La señora de Las Barajas

La señora de Las Barajas

Mi abrigo llega hasta el piso, hace frío. Incluso ha comenzado a caer una lluvia helada que vuelve el día gris oscuro. Los coches no tienen prisa, se aglomeran en la angosta callecita de los esotéricos, formando una cortina de humo. Camino de prisa, quiero llegar a la oficina, ahí por lo menos tendré un poco de café caliente y galletas de avena.

Mientras escribo en mi vieja máquina, pienso en el frío que seguirá haciendo a las dos de la tarde cuando me vaya a casa.

-deberías ir a chequearte. -dice mi compañero- te ves ojerosa y malhumorada, quizá estés enferma..

– me siento bien, solo es este frío que me pone de malas.

seguí absorta en mi máquina de escribir, una tecla tras otra, el golpeteo se confundía con la llovizna que se estrellaba con fuerza contra la ventana.

-ya son las dos. deberías irte.-insiste Edgar-.

camino de vuelta por la misma callecita, cual si fuera un ritual diario, pero ahora con un paraguas a la mano, sorteando las charcas de agua sucia que se han acumulado a lo largo del día.

-Señorita, usted tiene un mal muy grande cargando sobre sus hombros, debería pasar a que le tire las cartas. ofreció una mujer de pelo negro, con mirada intensa, casi escrutadora.

– Gracias, llevo prisa.

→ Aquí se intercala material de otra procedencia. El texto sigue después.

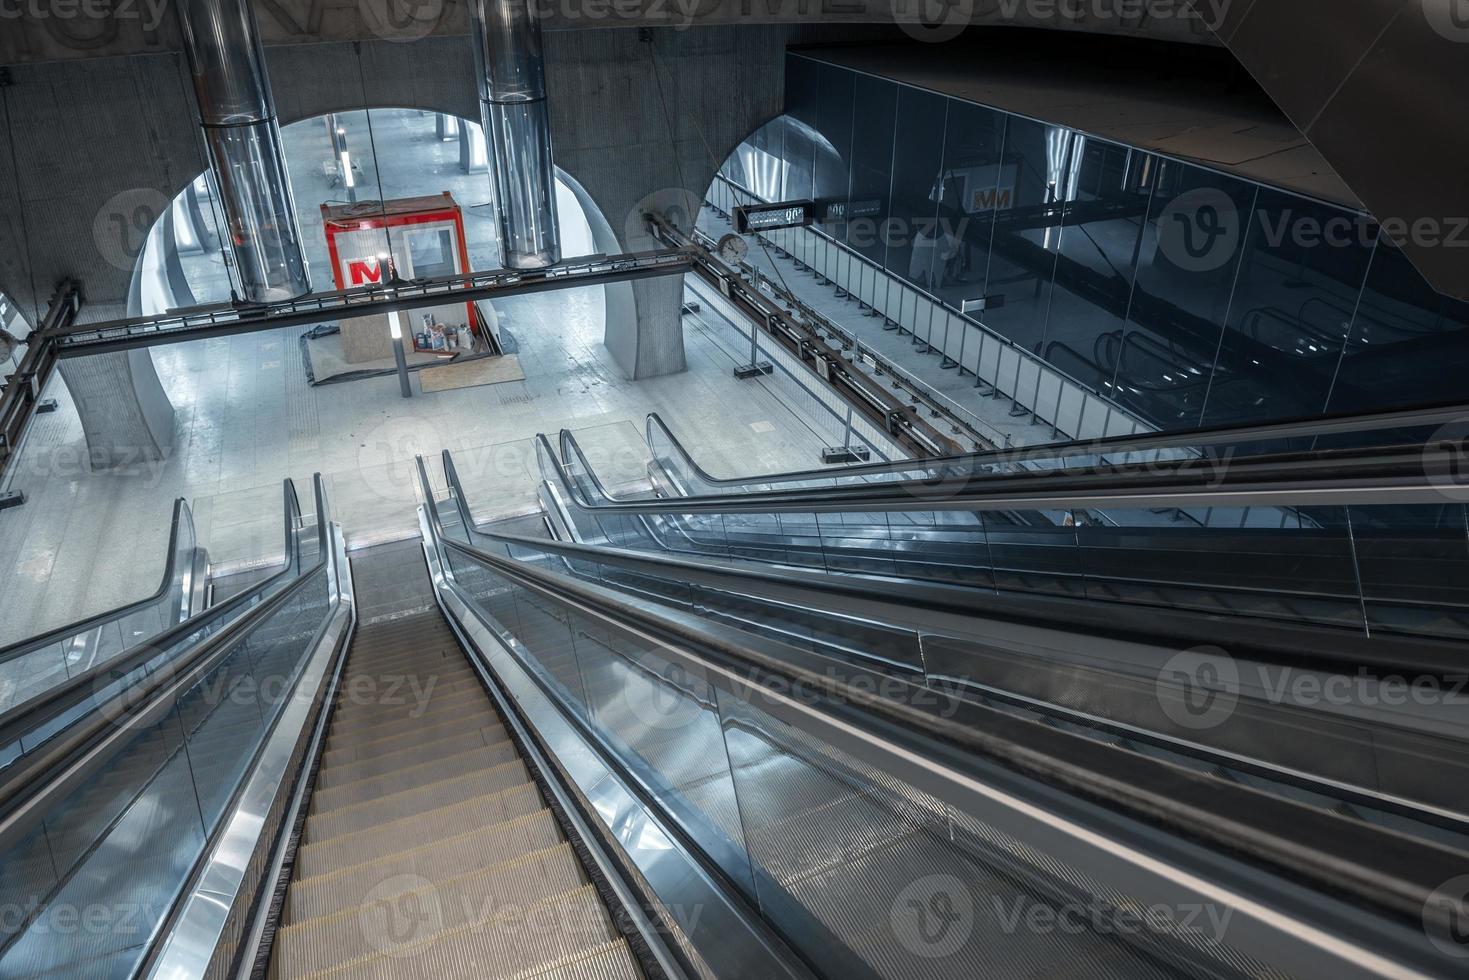 scala mobile in movimento nel centro business foto

Quizá después.

-en tu trabajo han pasado muchas cosas que no puedes explicarte, ven yo te dire que pasa.

-no tenía razón su argumento pero accedí.

me hizo entrar a un cuarto semi oscuro, iluminado apenas por una luz insípida de una vela que según me dijo, era un sirio que había bendecido en la catedral de Morelia, era tan diminuto el lugar que apenas cabía su cúmulo de objetos extraños, pendían de la puerta unas tijeras atadas con un cordel rojo. colgaban del techo varios atrapasueños que me parecieron curiosos, en las escaleras oscuras pude vislumbrar una silueta y unos ojos inquisidores, era un ángel que custodiaba la entrada a la casa de la esotérica. cavilaba distraída, sentada frente a una mesa vieja, esperando a que ella fuese a buscar sus barajas.

-Parte la baraja en tres tantos.-me indicó con una voz imperativa-.

Puso las cartas sobre la mesa; cuatro de oros, tres de oros, dos de oros, diez de oros.

Así siguió poniéndolas hasta terminar las barajas. Analizó un momento las cartas, me miró fijamente con una expresión se asombro.

-tienes un muerto cargando en tu espalda.-soltó de golpe-.

-pensé que me dolía porque tengo grandes senos, pero ahora que me dice la razón, puedo dejar de pensar en reducirme de talla.-acerté a decir-.

– no es broma, tienes mala suerte, eso es porque alguien te bloqueó el buen camino.-adquirió un semblante taciturno-.

-menos mal, yo que había pensado que era inútil mi vida, pero ahora todo cobra sentido.

me miró fijamente, sus labios no emitieron una palabra más. sus ojos indicaban miedo.

Salí lentamente por la puertecita negra, caminé por la acera sin rumbo fijo, detrás de mí quedaba un fuerte olor a incienso.